Introduction: Since the release of DeepSeek, it has attracted substantial global attention and has increasingly been explored as a tool for medical diagnosis, showing promising potential for clinical applications. To comprehensively evaluate the effectiveness, potential, and limitations of DeepSeek in medical diagnosis, thereby informing future research and real-world implementation and supporting the development of AI-assisted diagnostic care. Materials and Methods: We searched Web of Science Core Collection, Embase, MEDLINE, Scopus, IEEE Xplore, and medRxiv from inception to August 8, 2025. Two authors independently screened studies, extracted data according to predefined inclusion and exclusion criteria, and assessed study quality using the Prediction model Risk of Bias Assessment Tool. Results: Twenty-four studies were included, evaluating 6 DeepSeek model variants; DeepSeek-R1 was the most frequently assessed. Quality appraisal indicated a high risk of bias in 13 studies (54%). DeepSeek’s performance varying across medical specialties. Overall performance did not differ significantly between DeepSeek and physicians (p=0.07); however, DeepSeek did not reach physician-level performance, with diagnostic accuracy 7.7% points lower than physicians.

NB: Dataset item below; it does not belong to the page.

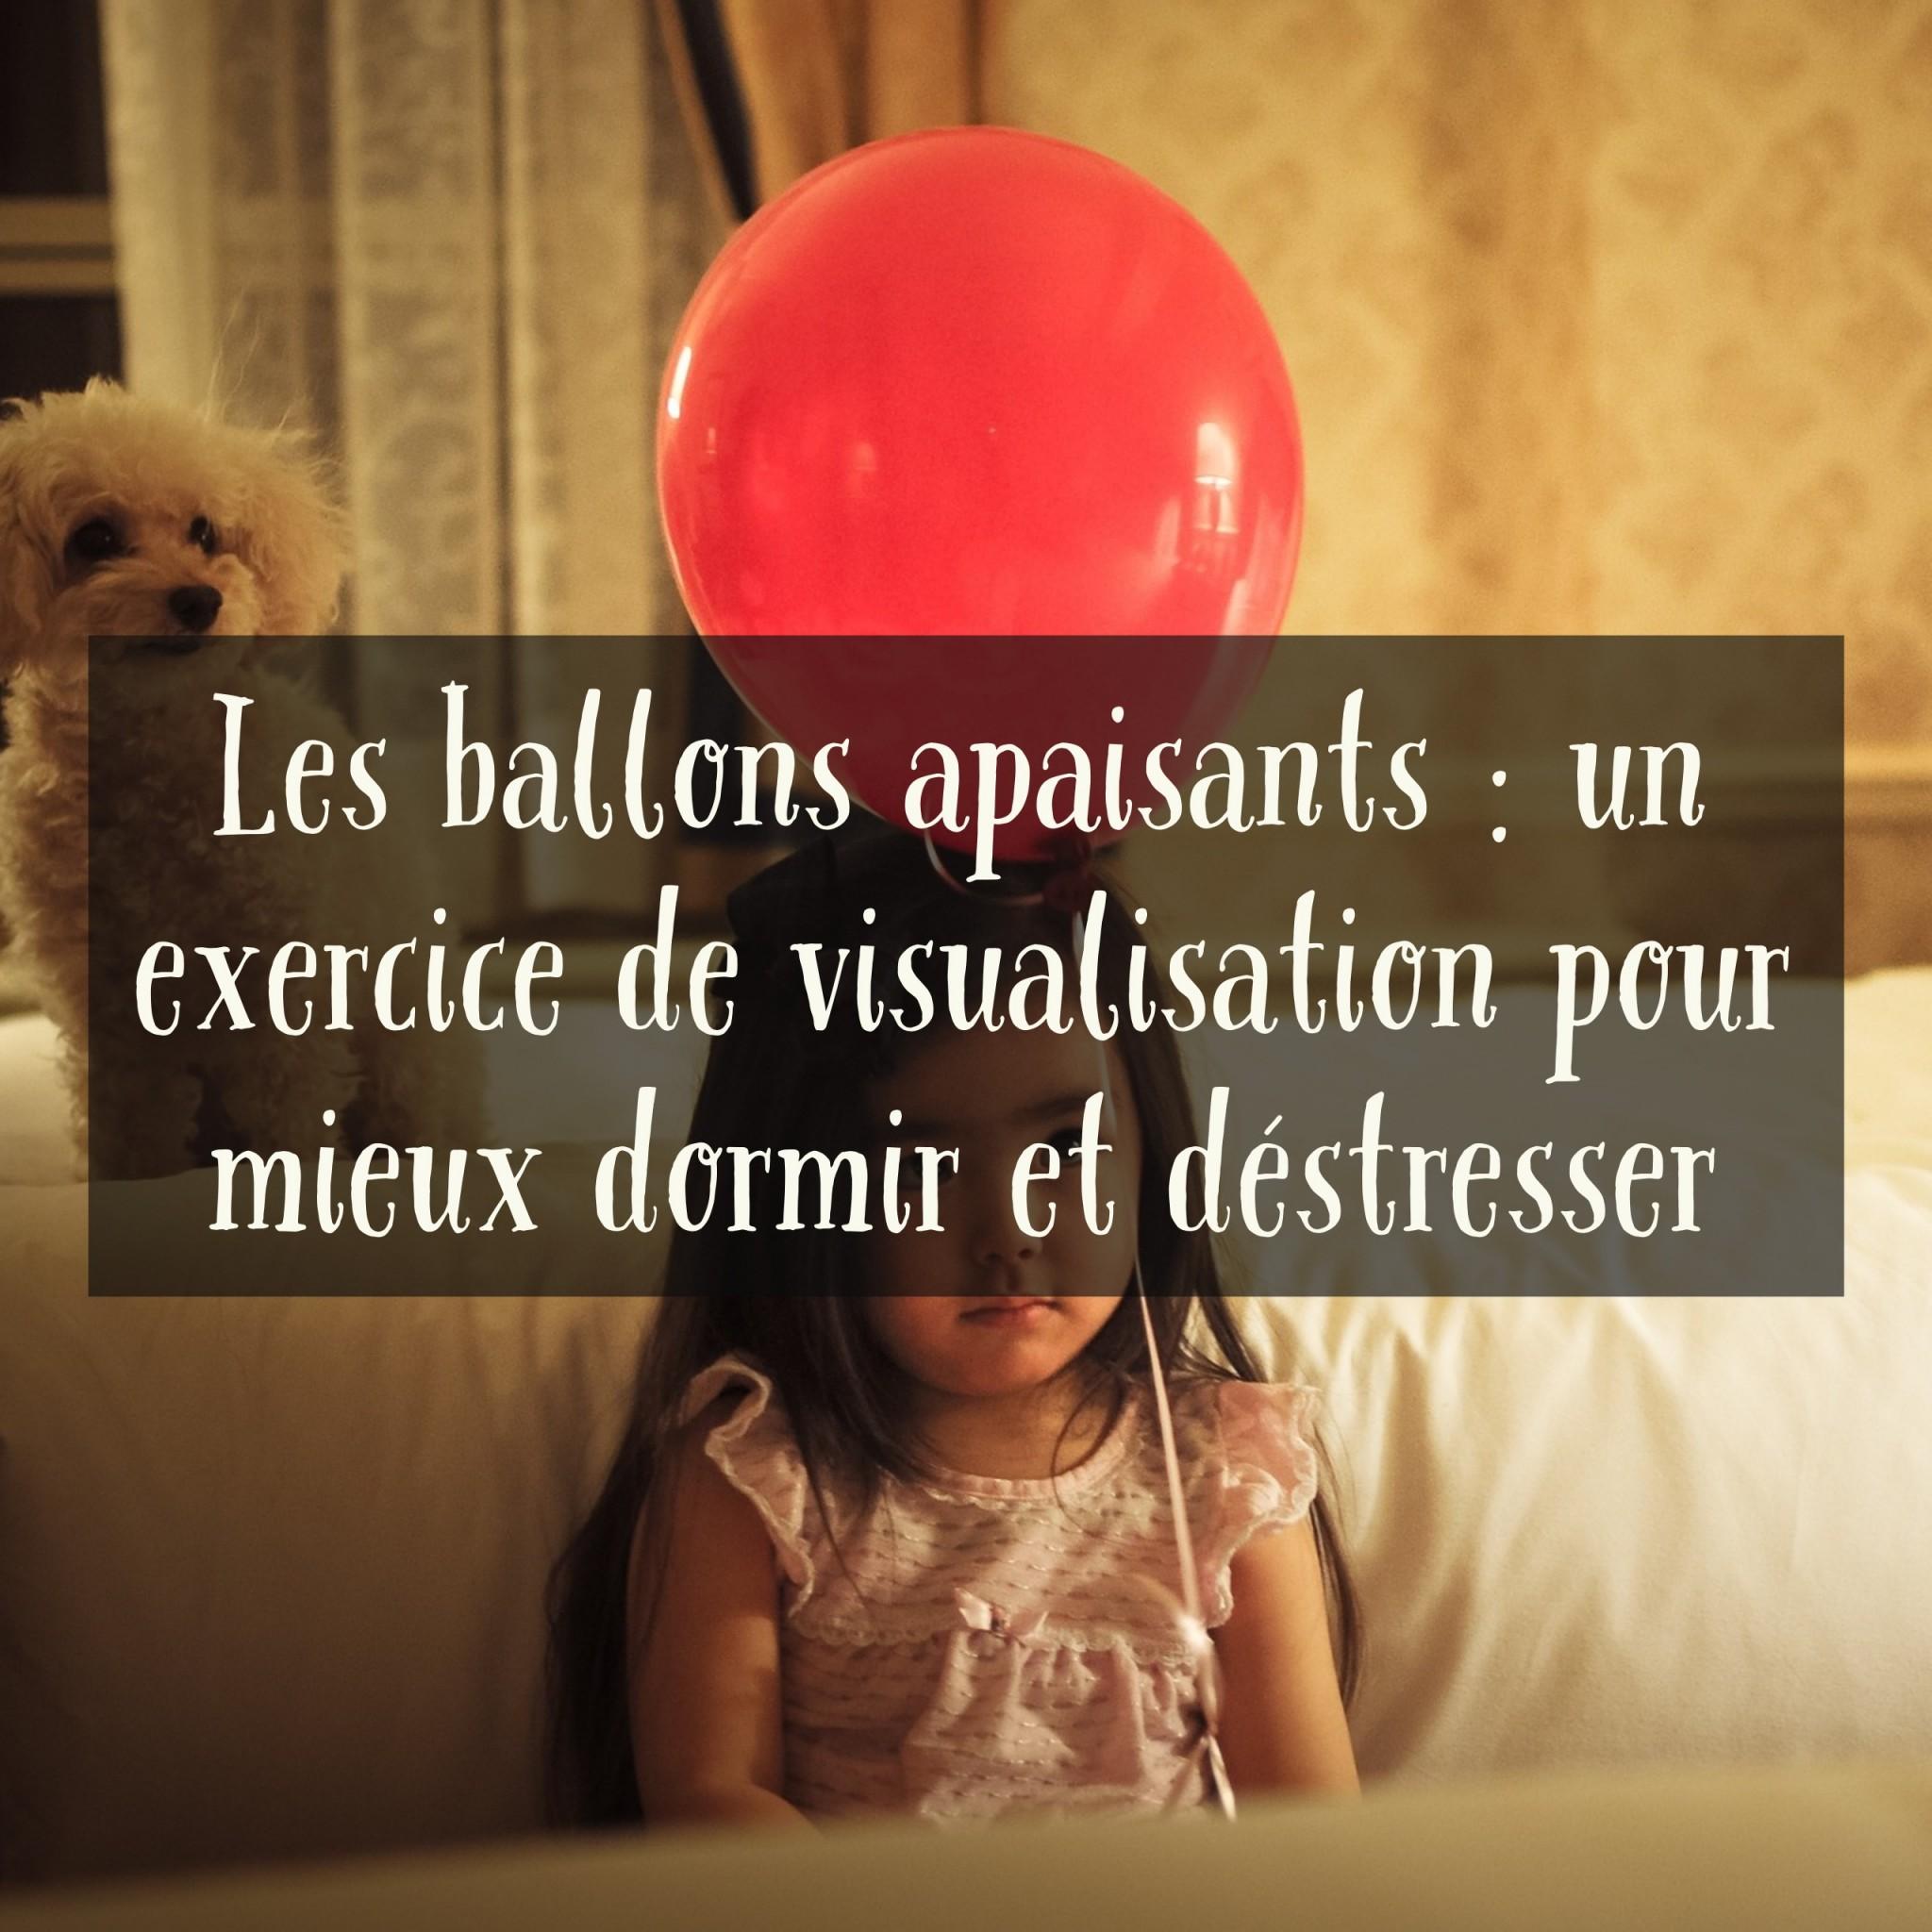 Les ballons apaisants  un exercice de visualisation pour mieux dormir et déstresser
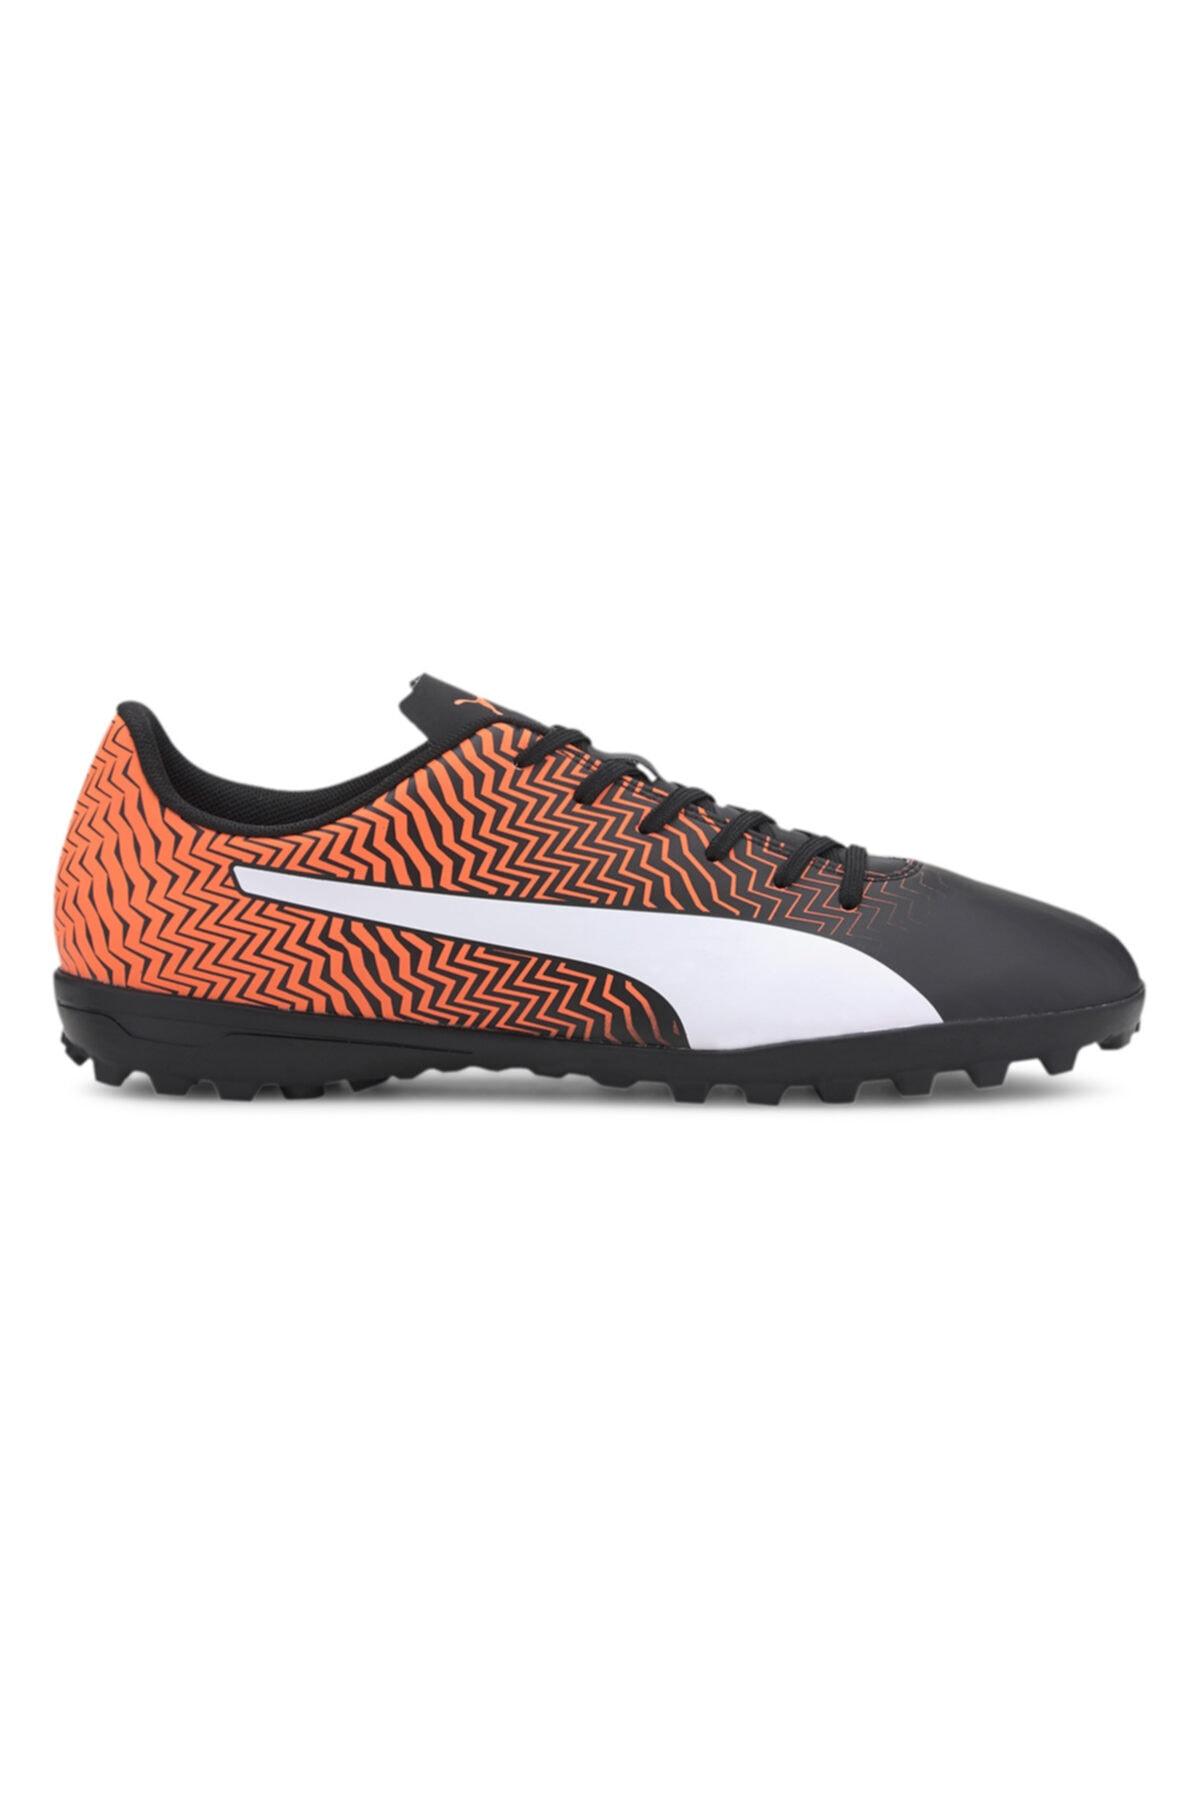 Puma Erkek Siyah Turuncu Halı Saha Ayakkabısı 1

Discussion and Conclusion: DeepSeek demonstrated no statistically significant difference compared with physicians, yet it remained below physician performance. At present, it should not replace expert clinicians. Nevertheless, it may serve as a valuable adjunct in non-specialist settings and as an educational tool for medical trainees.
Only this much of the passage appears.